For this exercise, retype each line of the material below verbatim and omit any picture.

**Given material:**
________________________________________
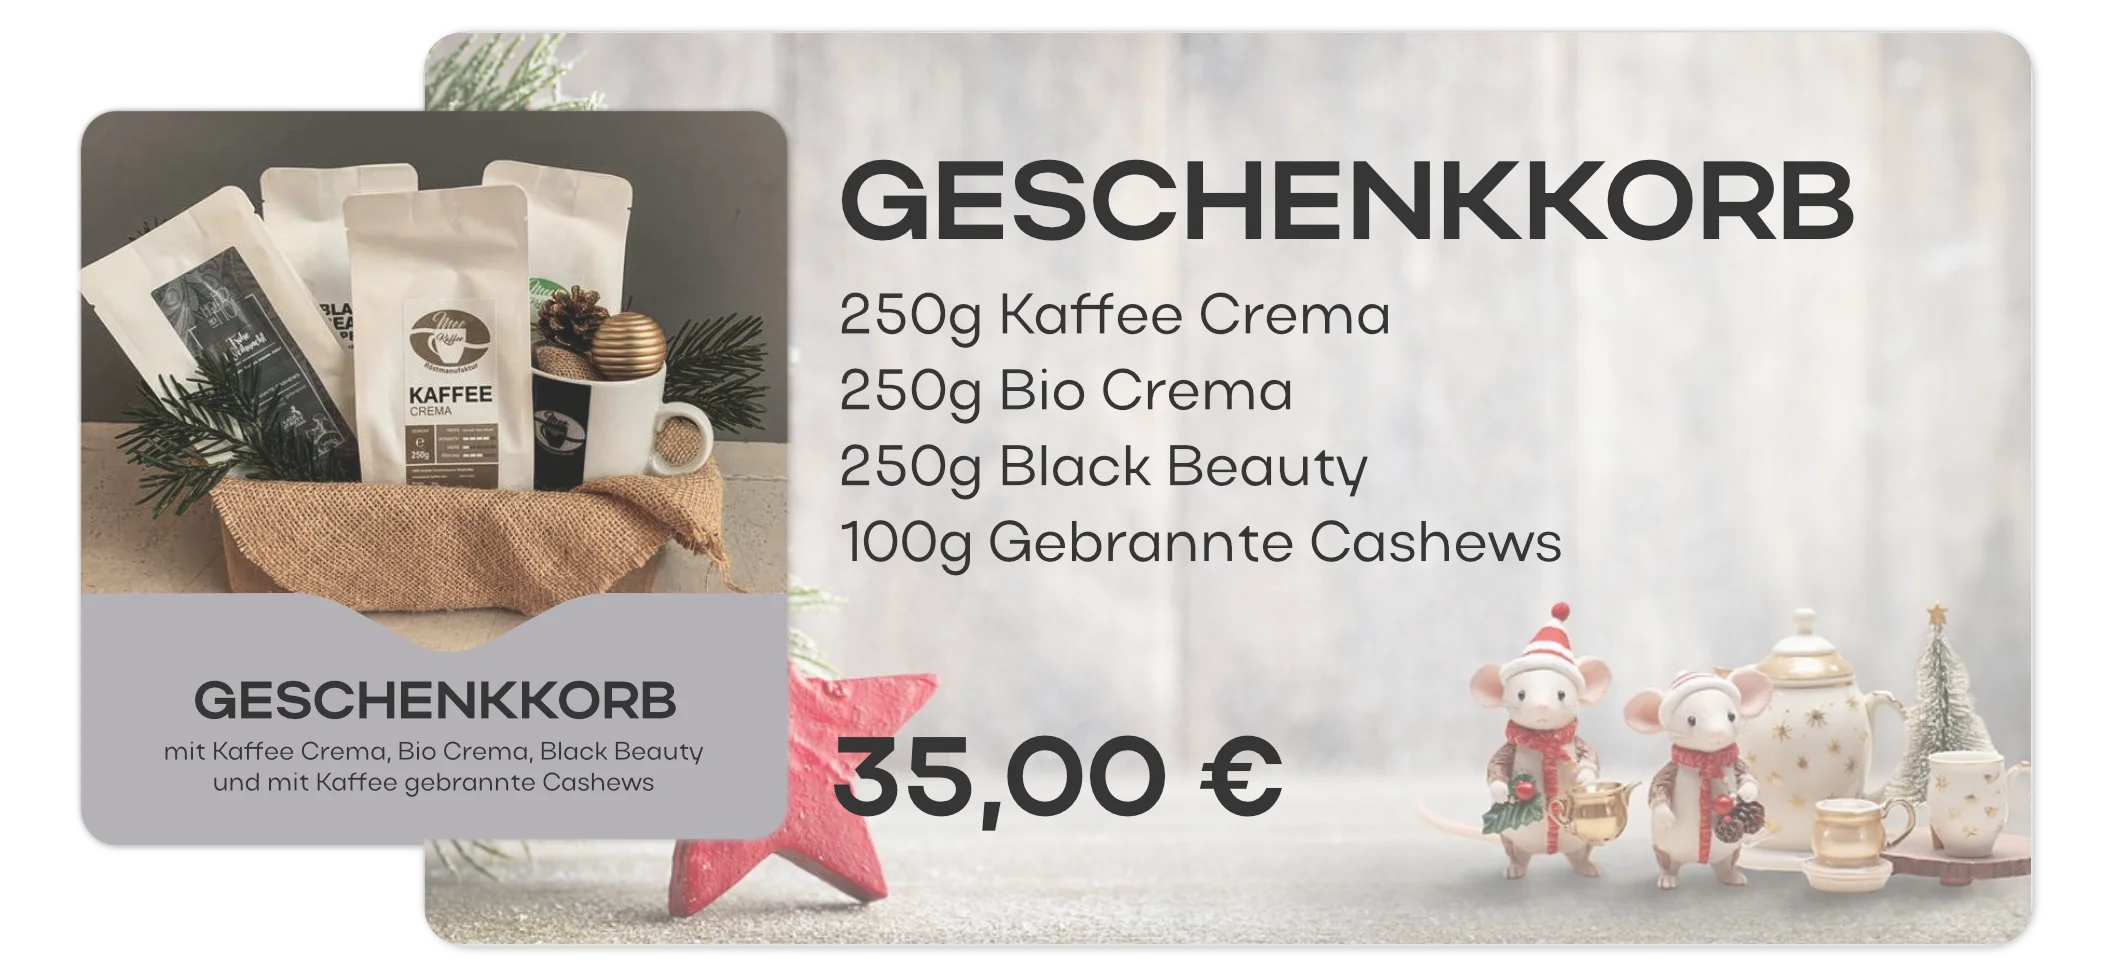 Produktkarte für den MEE KAFFEE Geschenkkorb: Beinhaltet Café Crema, Bio Crema, Black Beauty, gebrannte Cashews und eine Potttasse
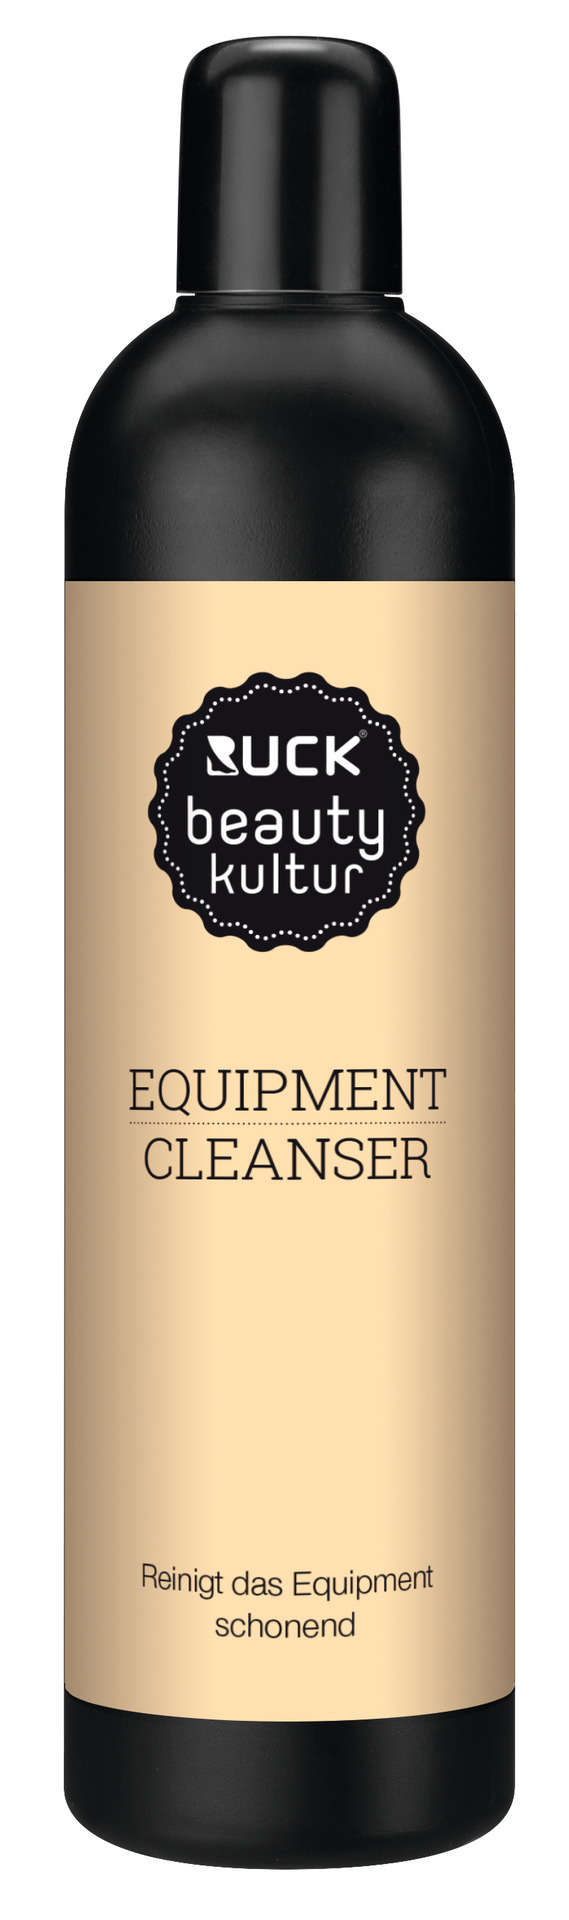 RUCK beautykultur Equipment Cleanser | 200 ml
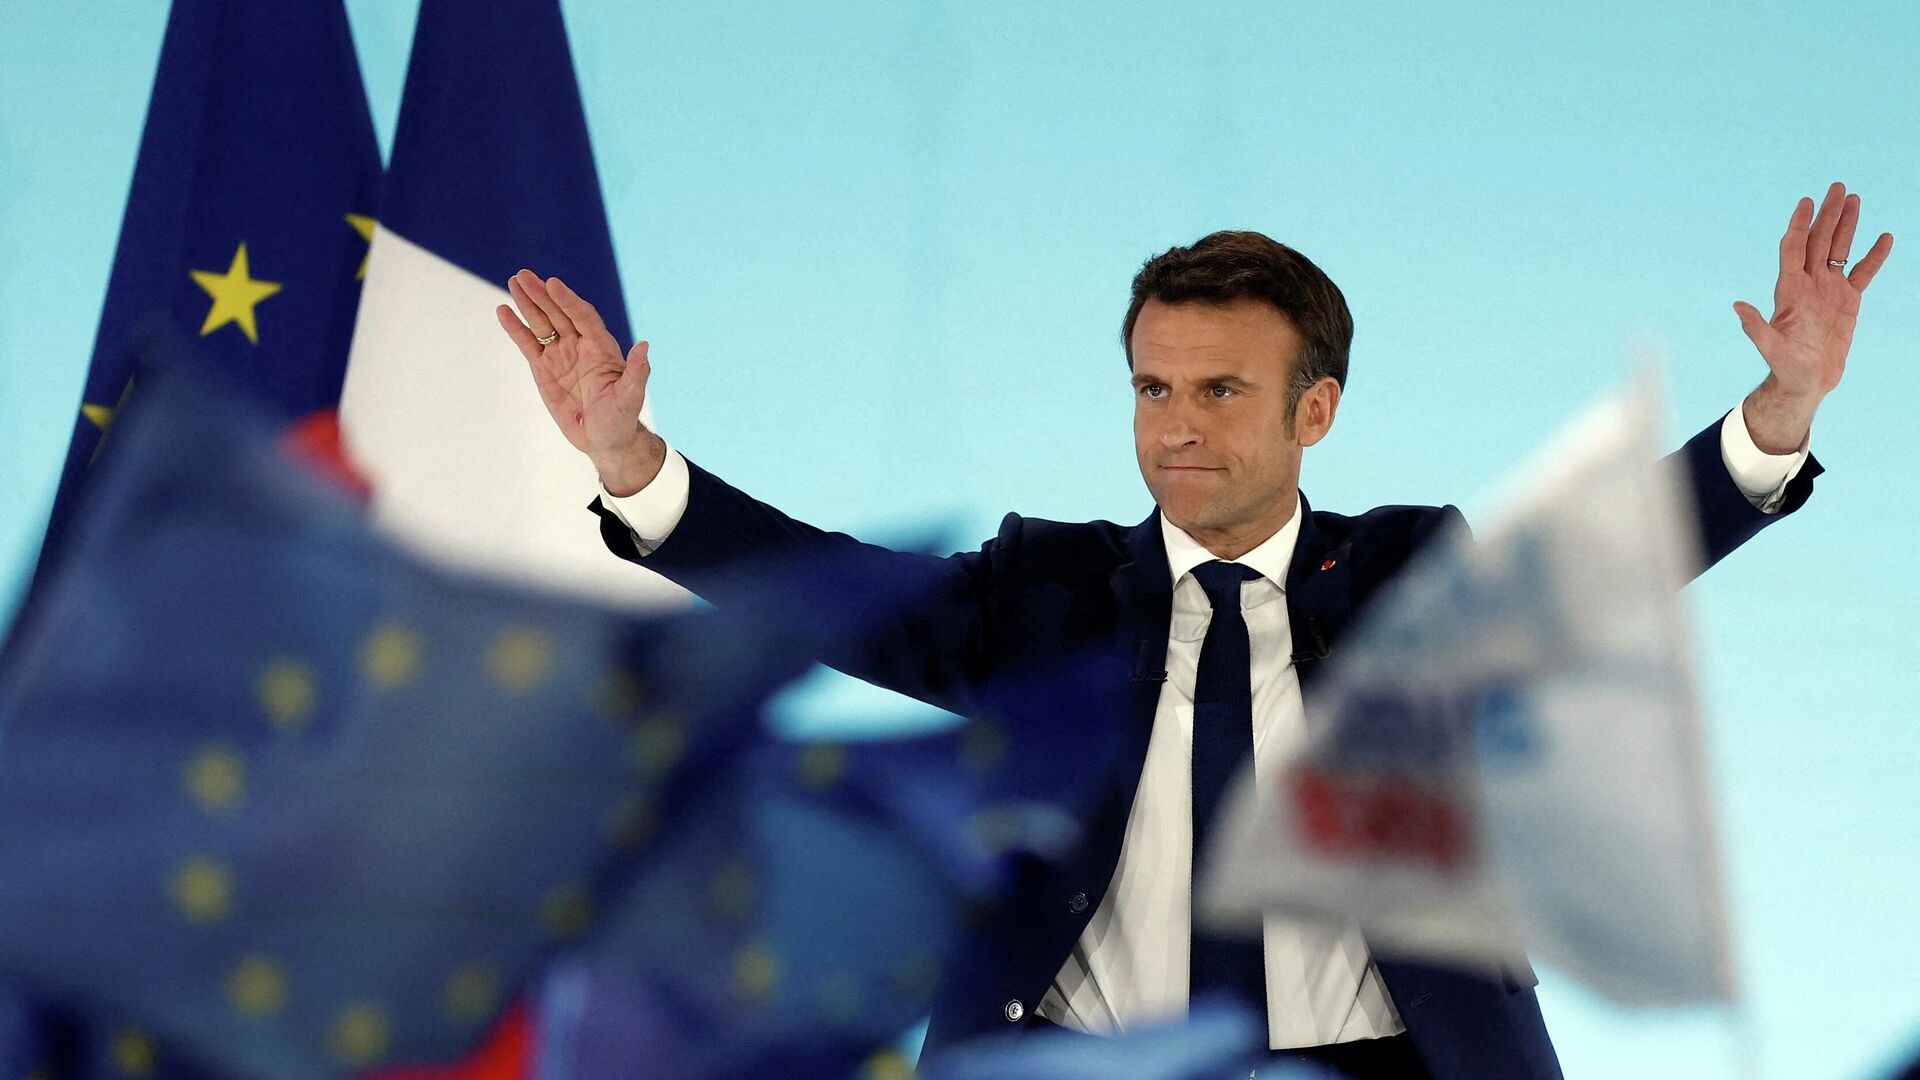 كيف سيتعامل ماكرون مع الزلزال السياسي؟فرنسا تشهد فوضى سياسية تهدد باستمرار البلاد
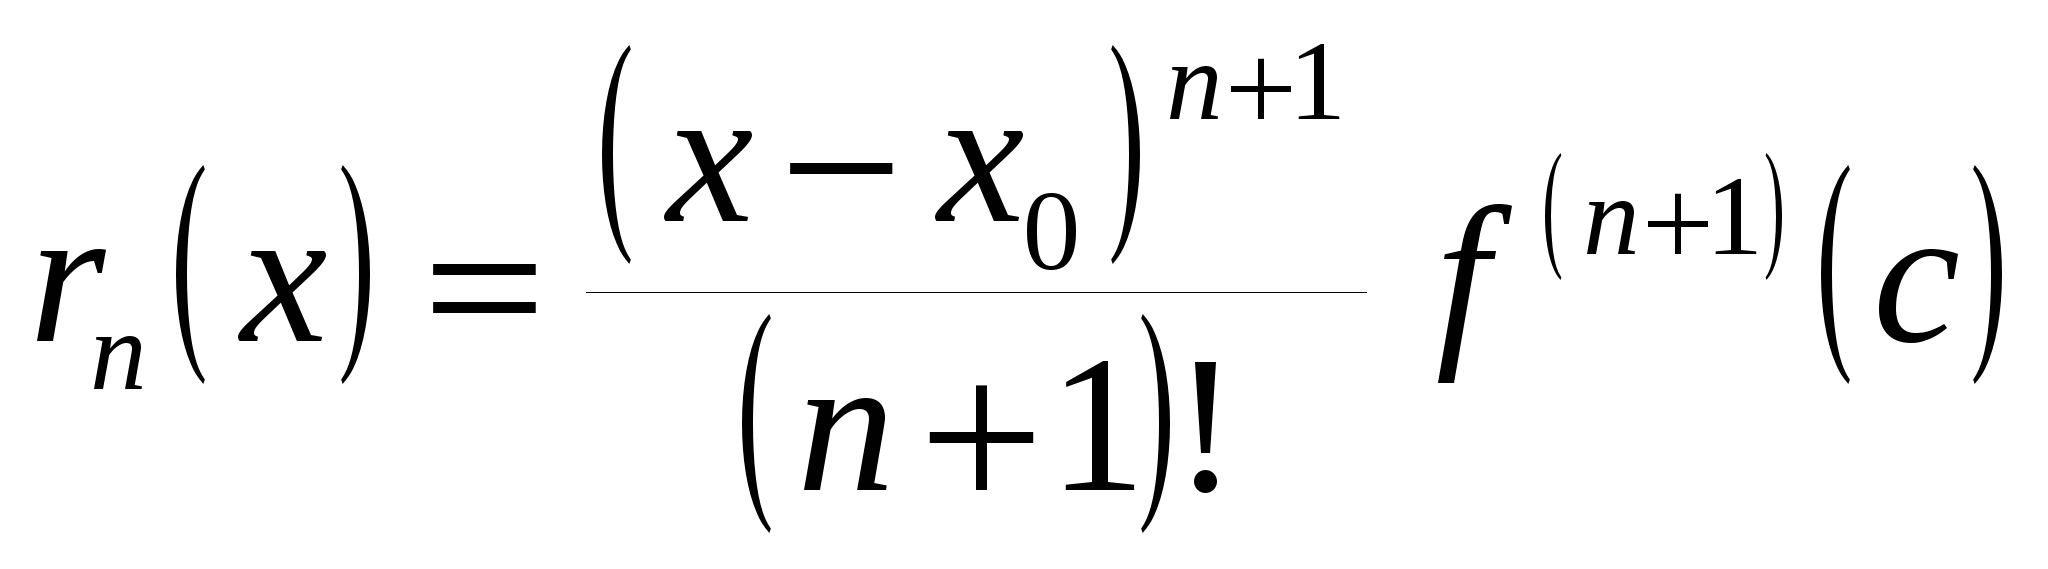 формула с остаточным членом в форме лагранжа фото 4
________________________________________
**Response area:**
 Produktkarte für den MEE KAFFEE Geschenkkorb: Beinhaltet Café Crema, Bio Crema, Black Beauty, gebrannte Cashews und eine Potttasse
 RUCK beautykultur Equipment Cleanser | 200 ml
 كيف سيتعامل ماكرون مع الزلزال السياسي؟فرنسا تشهد فوضى سياسية تهدد باستمرار البلاد
 формула с остаточным членом в форме лагранжа фото 4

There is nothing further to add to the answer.